Mother's toy stores get Hawai'i kids thinking

By Dan Nakaso
Advertiser Staff Writer

Nancy Page wasn't thinking about starting a chain of toy stores. She was just a mother trying to help her troubled young son.

Thinker Toys founder Nancy Page and her son, Christian, 14, show off their creativity with a GeoMag Kit, which uses magnetic pieces that stick together without fasteners. Nancy runs three Thinker Toys stores in Hawai'i.

Bruce Asato • The Honolulu Advertiser

Christian Page was born 3 1/2 months premature and lived in an incubator in neonatal intensive care for the first 4 months of his life. He underwent three operations — on his brain, to his heart and for a hernia.

The doctors said Christian had cerebral palsy. They said Christian "could be a vegetable," Page said.

For years, Nancy Page watched therapists work with Christian using brightly colored, well-made toys that were designed to stimulate his brain and his body.

She searched for the same kind of toys to work with him at home; the kind of toys she couldn't find anywhere in Hawai'i.

Page had to order catalogs and flip through their pages. And over time an idea began to take shape.

"Other parents must be looking for educational toys, too," Page said. "There was an open niche in Hawai'i that no one was filling."

When Christian was 9 Page opened her first of three Thinker Toys stores, beginning at Kahala Mall. In between she gave birth to a second child — a healthy daughter named Pualani — even though the doctors said that having another baby was risky.

"It was a leap of faith," Page said. "That's what I took. A leap of faith."

Before she was a mother and before she was a business owner, Page studied anthropology at the University of California-Los Angeles and at the University of Hawai'i, but never developed her degree into a career.

Instead she got an executive master's in business administration from UH in 1988 while working for an advertising agency.

But she hated the lack of control over her life and work.

"I realized I'm more of the entrepreneurial type," Page said. "I want the flexibility and independence.

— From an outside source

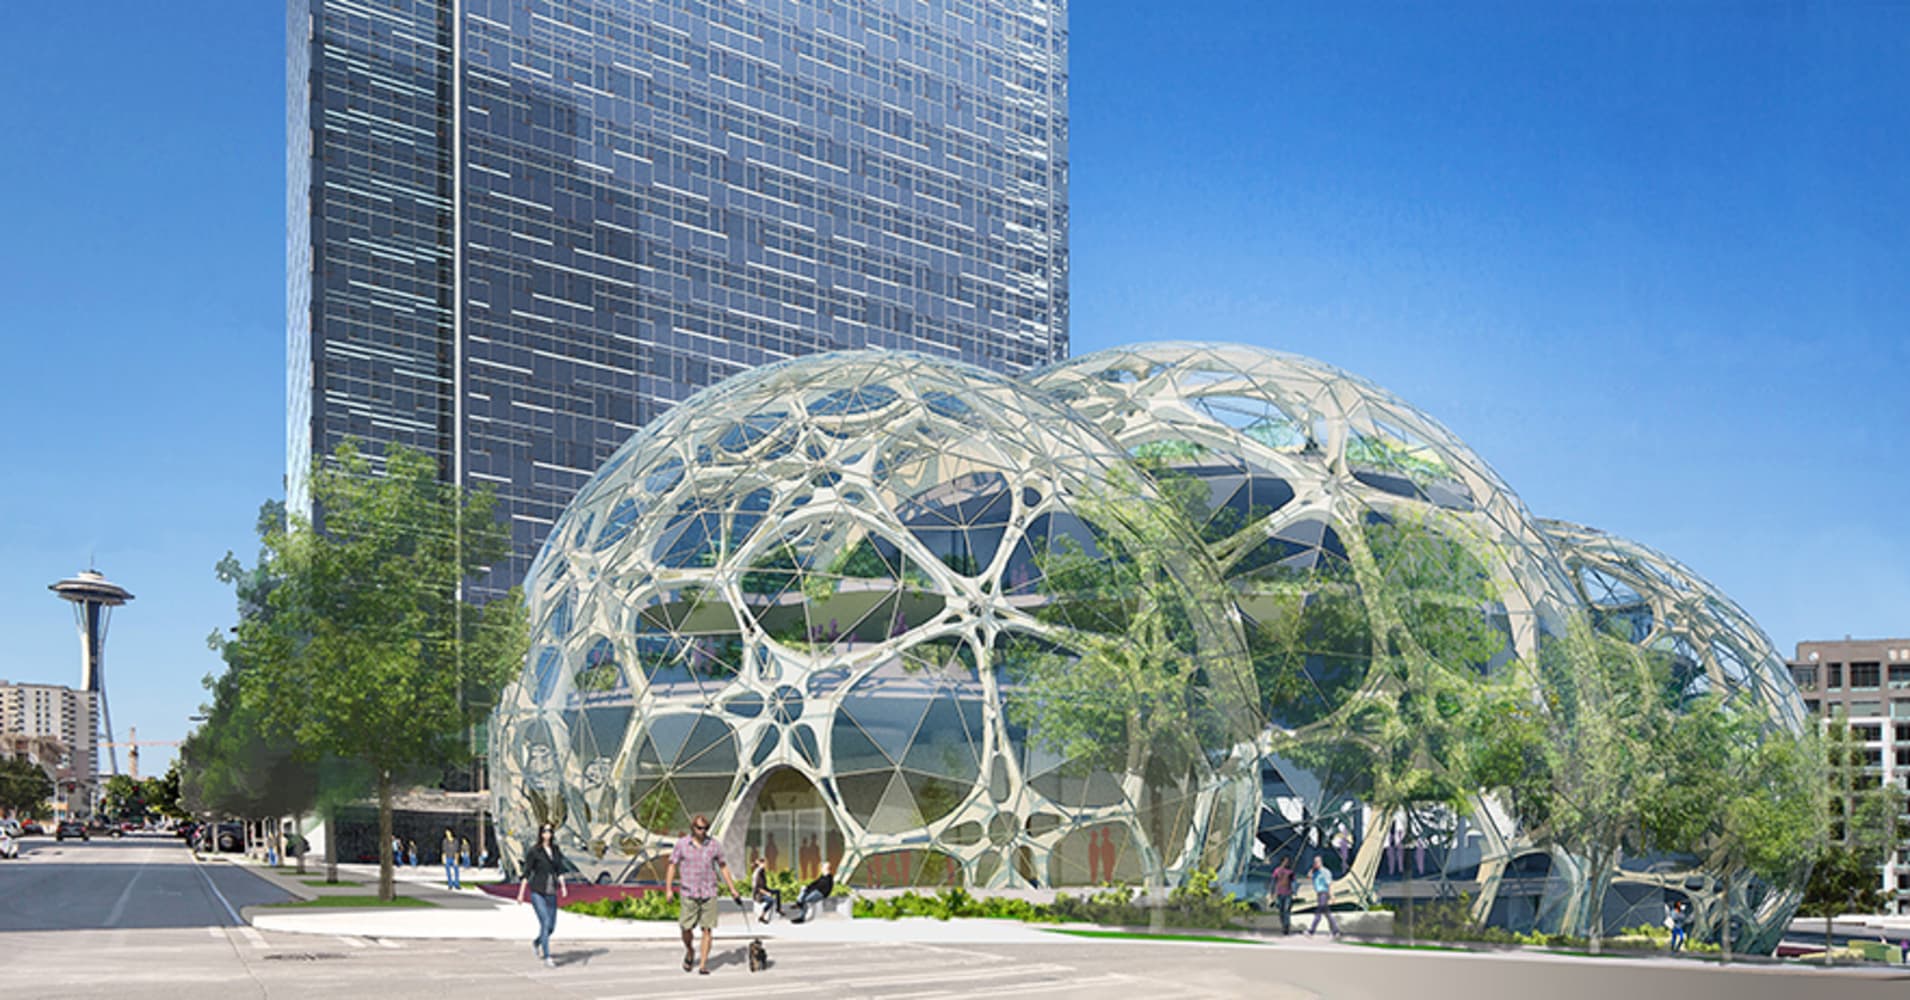 Amazon's new odd-looking new headquarters in downtown Seattle

I like to do my own thing, on my own schedule."

She answered a newspaper ad by Hallmark Cards seeking business people to enter into licensing agreements to run Hallmark stores. Scraping together more than $30,000 from family and savings, Page opened one Hallmark store in Kailua and another at Pearlridge Center.

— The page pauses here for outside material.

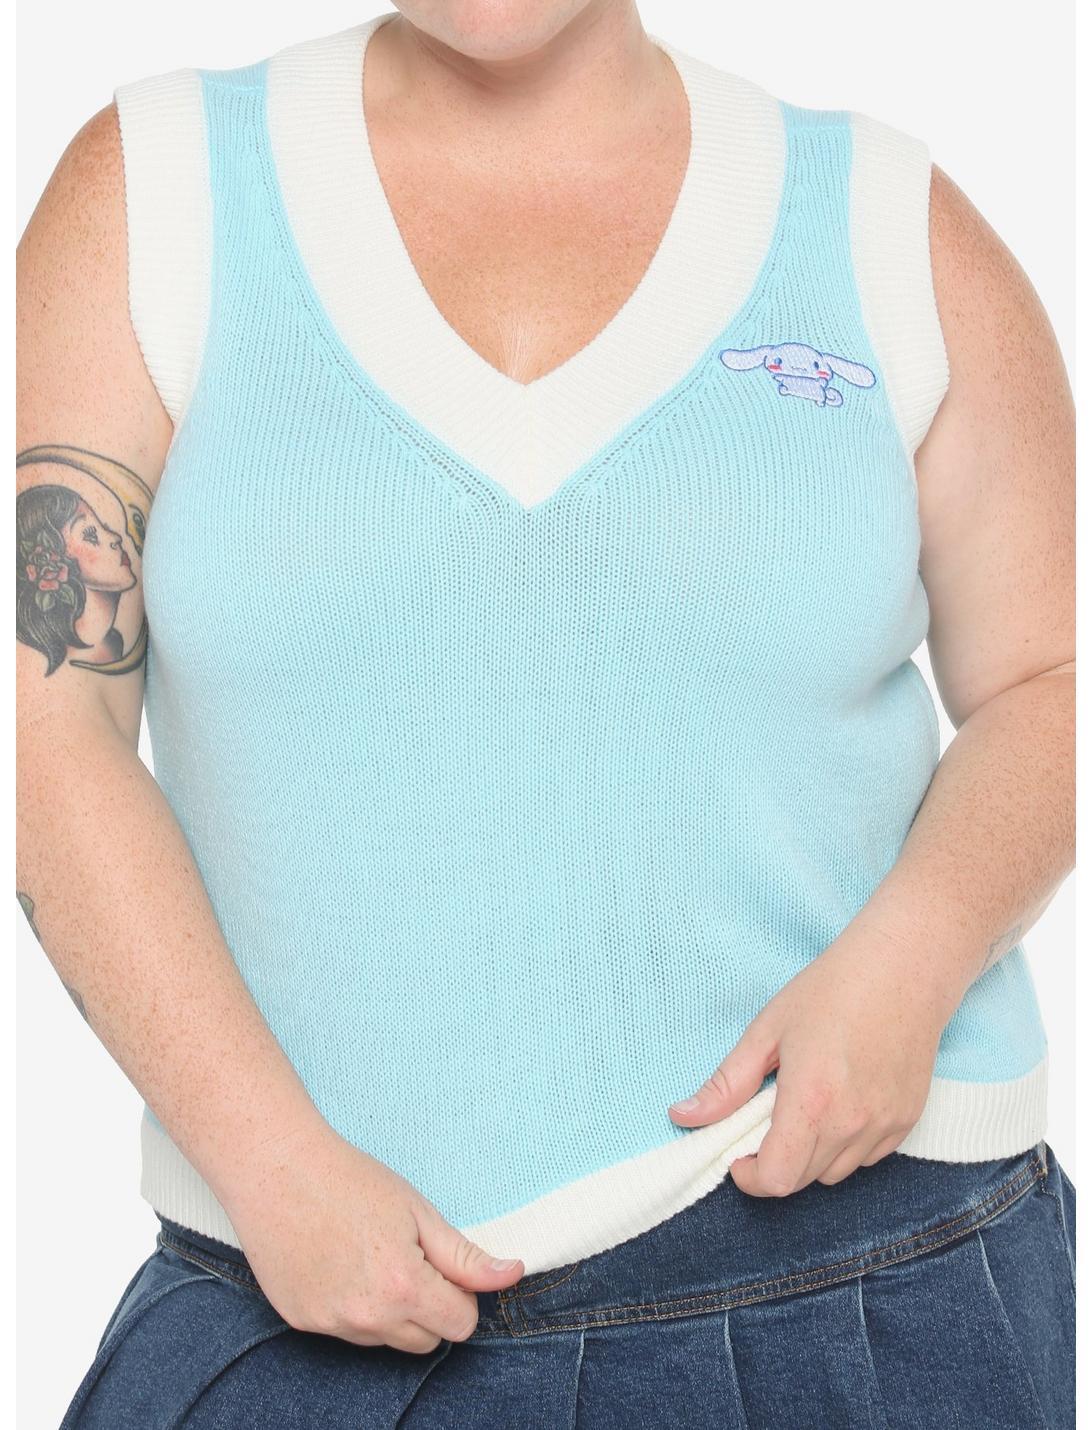 Cinnamoroll Embroidery Girls Sweater Vest Plus Size, MULTI, hi-res

Hallmark's training program in Kansas City, Mo., taught Page how to lay out a store, display merchandise and market the business. She loved the challenge and the freedom of being her own boss.

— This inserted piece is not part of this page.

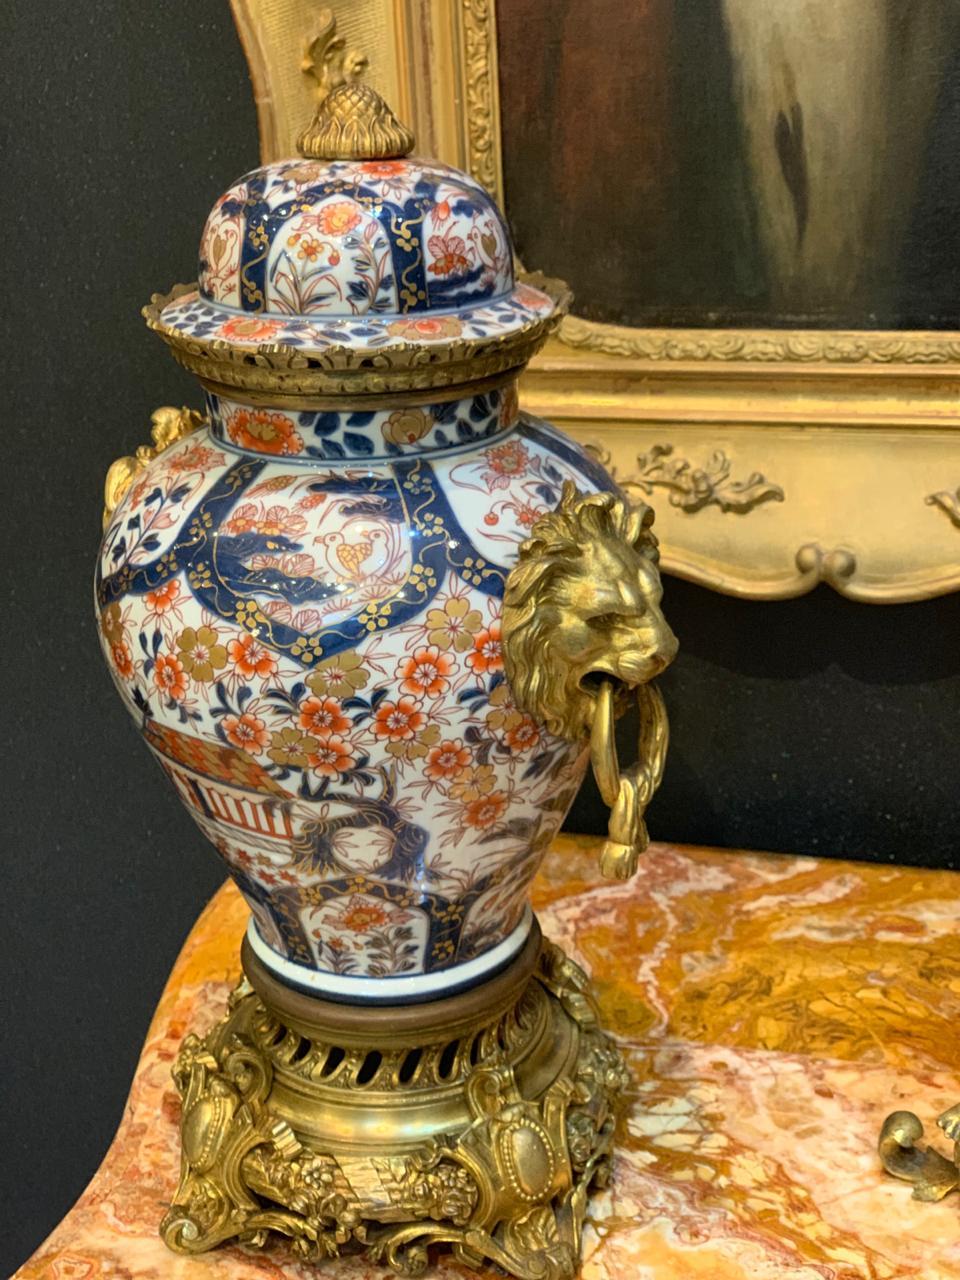 A very fine Napoleon III polychrome porcelain fireplace garnish with floral decoration. Ornamentation in gilded bronze of

In 1992, Page sold the stores to spend more time at home with Christian, who was 3, and Pualani, who was 1. But five years later, the children were in school and "I needed some mental stimulation," Page said.

She was ready to start a new business selling educational toys.

No action figures were allowed. Nothing violent. And she would sell no dolls or toys that were marketed because of a movie.

"I want children to use their imaginations," Page said. "Not play with something where the characters have already been defined and the plot to the movie has already been set."

She thought about calling her new store "Play and Learn." She considered "Creative Kid Stuff."

But Thinker Toys stuck. "I liked the double T's, I guess," Page said. She has since learned that other, unrelated Thinker Toys stores exist on the Mainland.

The learning curve was much shorter the second time around for Page. She opened the Kahala store in 1997 and bought ads in magazines targeted at parents.

With just less than 1,000 square feet of space, Page didn't have the room to organize play groups for children inside the store like she wanted. So she worked with the mall to set up craft areas outside the store that gave children free activities and offered Page free publicity.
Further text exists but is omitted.